If the project moves forward, the ILWU is expected to claim jurisdiction over the newly created jobs. McKenna also emphasized that cargo volumes will continue to grow at the largest US port complex, and experience has shown that will result in increased jobs.

“If you handle twice as much cargo, that’s a lot of cargo and a lot of jobs,” he said. Higher volume and more coming The Los Angeles-Long Beach port complex handled more than 17.3 million laden and empty TEU in 2020, according to figures provided by the ports.

The busiest US container gateway has handled an average of 854,802 TEU of imports from Asia in each of the past 10 months, up from an average of 636,424 TEU in the previous 10 months, according to PIERS, a JOC.com sister product within IHS Markit. Retailers and freight forwarders project similar volumes at least through the summer–fall peak shipping season this year.

Larry Nye, vice president of port planning at the infrastructure advisory firm Moffatt & Nichols told JOC.com Wednesday that based on conservative growth projections of about 4 percent per year, Los Angeles-Long Beach will reach its full capacity of about 23 million to 25 million TEU per year by 2027–28, unless terminals densify their operations.

In this context, densification is synonymous with automation, which enables the terminals to stack containers higher and wider without compromising efficiency, he said. For example, the fully automated LBCT facility later this year will complete the third and final phase of its expansion, giving it an annual throughput capacity of 3.4 million TEU, according to LBCT, which is one of six container terminals in Long Beach. The entire port handled 8.1 million laden and empty TEU last year, according to Port of Long Beach statistics.

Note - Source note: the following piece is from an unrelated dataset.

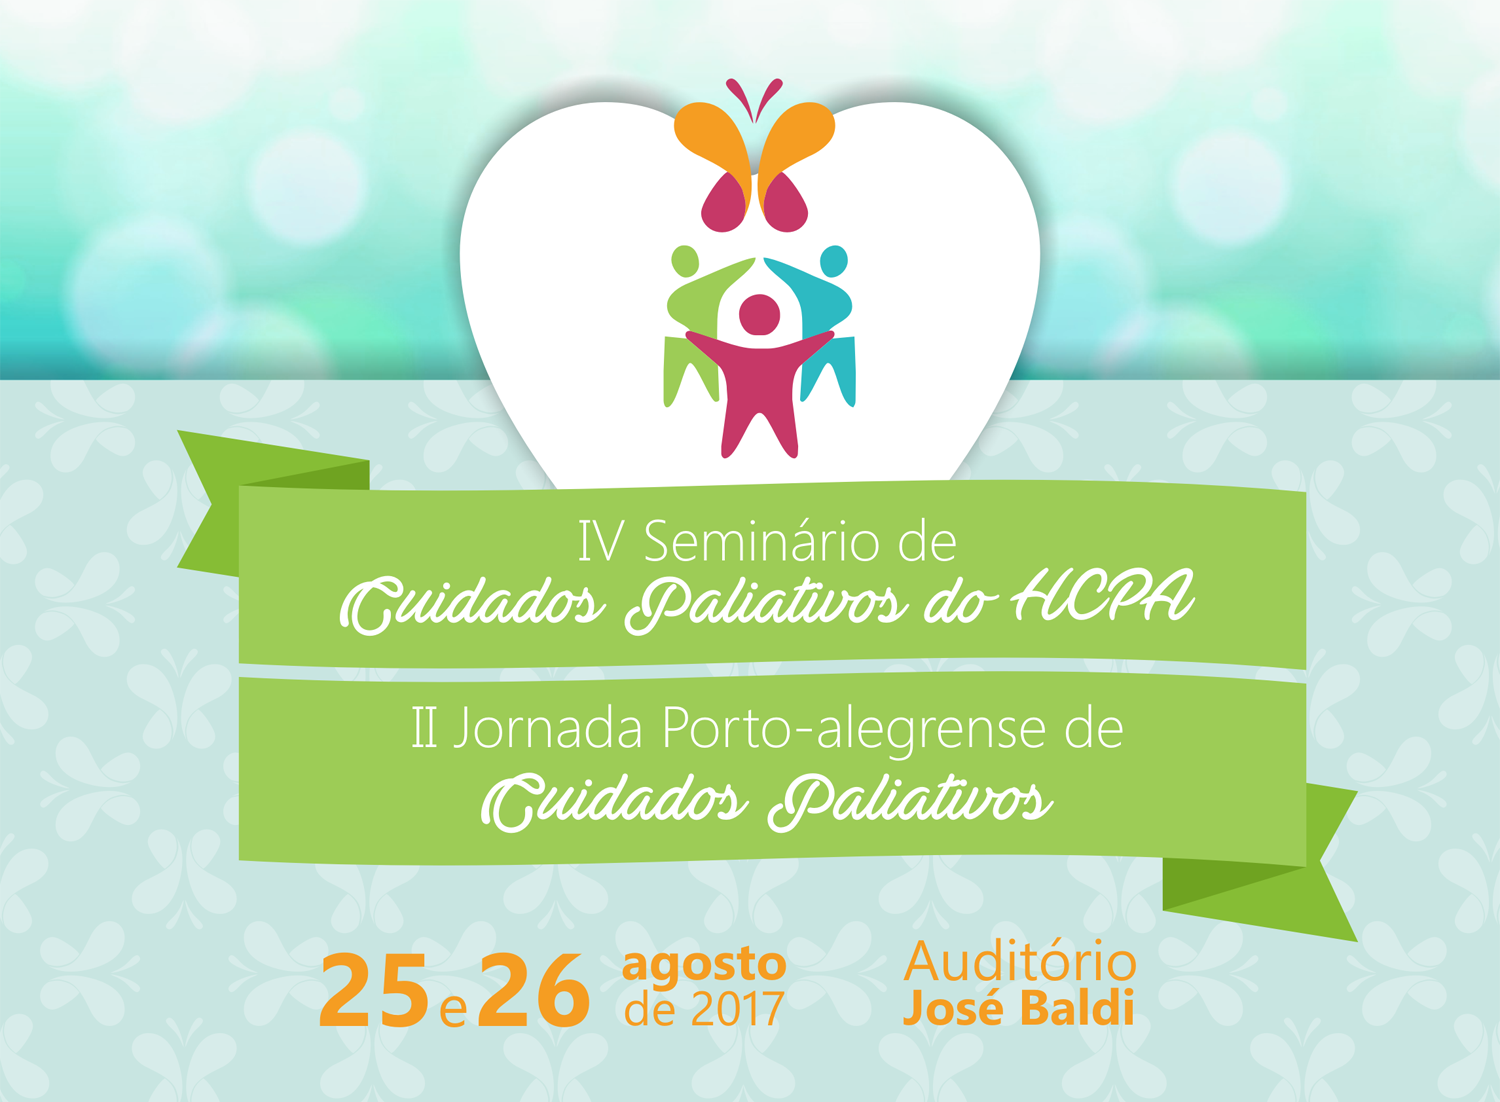 Já estão abertas as inscrições para o IV Seminário de Cuidados Paliativos do HCPA e II Jornada Porto-Alegrense de Cuidados Paliativos

Not all terminals will choose to densify. Rather, those that do will balance the high costs associated with automation — $1.4 billion in the case of LBCT — and the efficiencies and reduced labor costs inherent in automation, Nye said. However, whereas LBCT had the luxury of beginning its project a decade ago on a large parcel of vacant land, TTI will be challenged by installing automation while it continues to handle large cargo volumes each day.

TTI will have to automate in phases, which means taking 40 to 50 acres out of use during each phase, a process that could take 10 years, Nye said.